Tell your insolvency practitioner straight away if your circumstances change and you can't make your Individual Voluntary Arrangement (IVA) payments - they might be able to help. The help they can give depends on whether your difficulties are short-term or long-term.
Contact your insolvency practitioner straight away - otherwise your IVA may be at risk. This means your IVA could end and you'll have to find another way to pay your debts.
Your insolvency practitioner might agree to give you a payment break for a few months if you've got a temporary emergency that means you can't make your payments.
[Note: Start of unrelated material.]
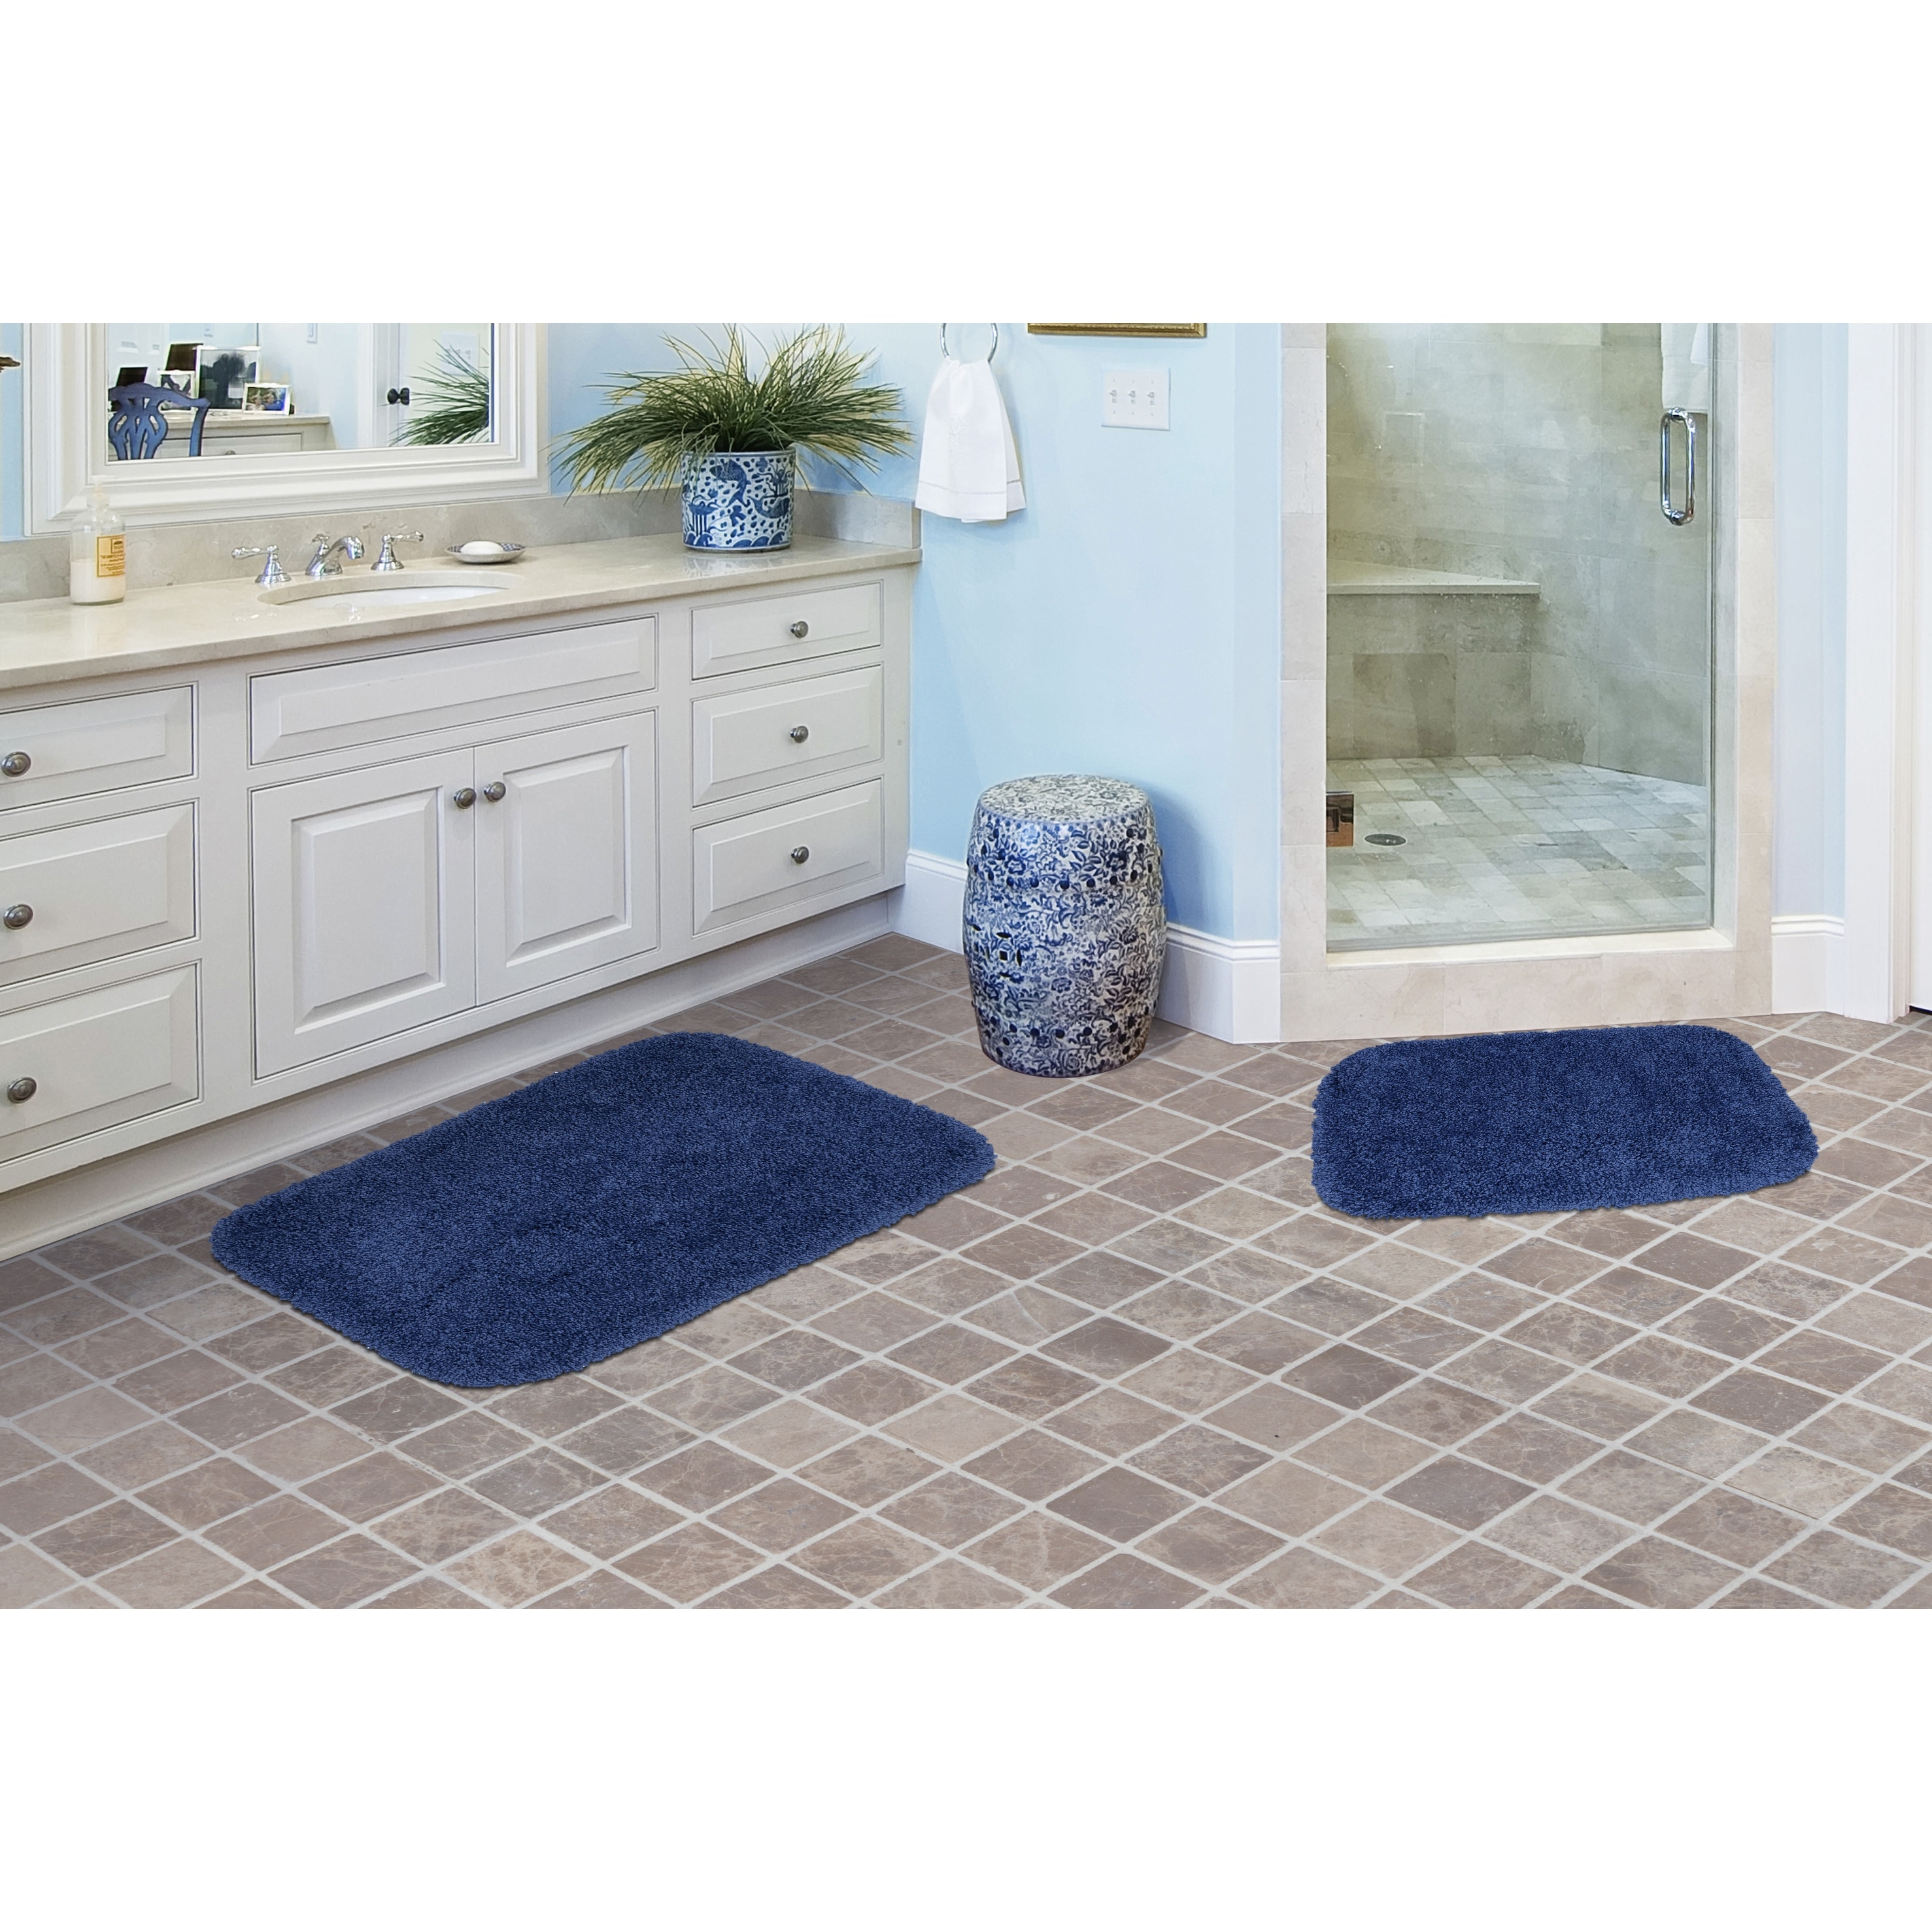 https://ak1.ostkcdn.com/images/products/is/images/direct/554e997381a703b7e01612d5b37e58d162e21179/Serendipity-Shag-Washable-Nylon-Bathroom-Rug%2C-or-Set-in-Navy.jpg

This could be, for example, if your fridge has broken or your monthly income is less than normal.
To get a payment break, your IVA has to have been made under the IVA protocol - read more about the IVA protocol. If your IVA wasn't made under the protocol, check your paperwork to see if the IVA can be changed to accept lower payments if your circumstances change.
You'll have to provide evidence to your insolvency practitioner about your situation - for example, bank statements, benefits letters or a receipt for an emergency item you had to buy.
The length of your IVA will be extended to cover the payments you missed.
The length of payment break you can get depends on when your IVA was set up.
|When your IVA was set up||Maximum length of payment break|
|After 1 January 2016||9 months|
|1 July 2012 - 31 December 2016||Up to 9 months - 6 months straight away plus an extra 3 months to take at the same time or later on if you need it|
|Before 1 July 2012||6 months|
If you need a longer payment break or another break later on, your insolvency practitioner might be able to give it to you. They'd have to get agreement from your creditors.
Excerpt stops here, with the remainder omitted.